1) Önce, gelişmiş-az gelişmiş diye 2’ye ayıracaksın. Birincilere tam özerklik vereceksin, ikincileri “Bir rektör, bir sekreter, bir tabela”dan kurtulana kadar bilimsel bir kurumun vesayetine alacaksın. Çünkü buraları aşiret ve cemaat ilişkileri yönetir; asistanlık için başvur da gör. Zaten bu ikinciler şimdi de bir miktar vesayette: Lisansüstü yasak; asistanlarını gelişmiş üniversitelere yollamak zorundalar (“35. madde asistanları”).

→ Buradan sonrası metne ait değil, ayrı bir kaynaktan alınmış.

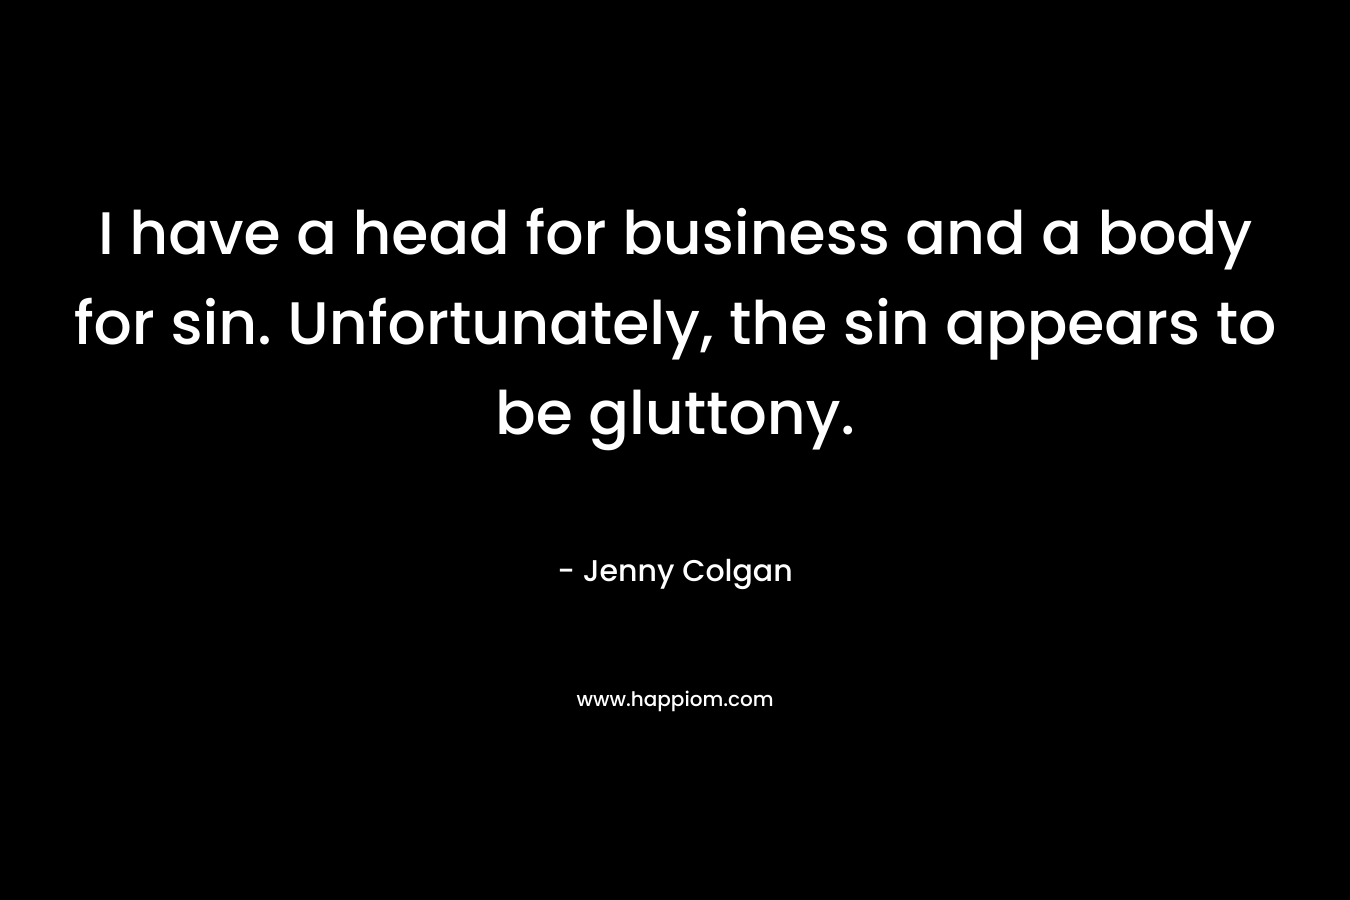 I have a head for business and a body for sin. Unfortunately, the sin appears to be gluttony. – Jenny Colgan

2) Sonra, her üniversiteyi en az 3’e ayıracaksın: a) Sağlık bilimleri; b) Doğa bilimleri ve mühendislik; c) Sosyal bilimler. Bu üçüncü kategorinin diğer ikisinden çektiği Marmara’ya cacık olmuştur. Bir tarihte Mülkiye’de benim “Milliyetçilik ve Azınlıklar” dersimin adına bir de “Küreselleşme” ekleyelim dedik, mecburen Senato’dan geçmesi lazım, bizim dekan telaşlandı. Çünkü bunların çoğu “azınlık” diye duydu mu ossaat “Vatan satan!” diye replik veren cinsten. Neyse, bizim dekan sözü dinlenir cinstendi de, geçebildi. Benim Senato’ya girip “Keneden Geçen Hastalıklar” dersinin adına itiraz ettiğimi bir düşününüz.

“Bir tek Allahları bir” bu üç kategori için farklı rektör ve senato getirecek, farklı yasa çıkartacaksın. Tabii, rektörlerin (hâşâ huzurdan) Allah durumundan çıkarılmasından, fakültelere tekrar tüzel kişilik verilmesinden falan bahsetmeye gerek görmüyorum.

Şimdiye kadar üniversite tüm YÖK başkanları karşısında dut yemiş bülbül kesilip el pençe divan durmuştu. Şimdi gençleri Sümeroloji yerine yüksek meslek okullarına yönlendirerek kısa yoldan üretici yapacak ve üniversiteleri ferahlatacak bir öneri gelince, başkan AKP tarafından atanmıştır diye aniden bülbülleşti.

CHP Sendromudur. İbretle seyrediyorum.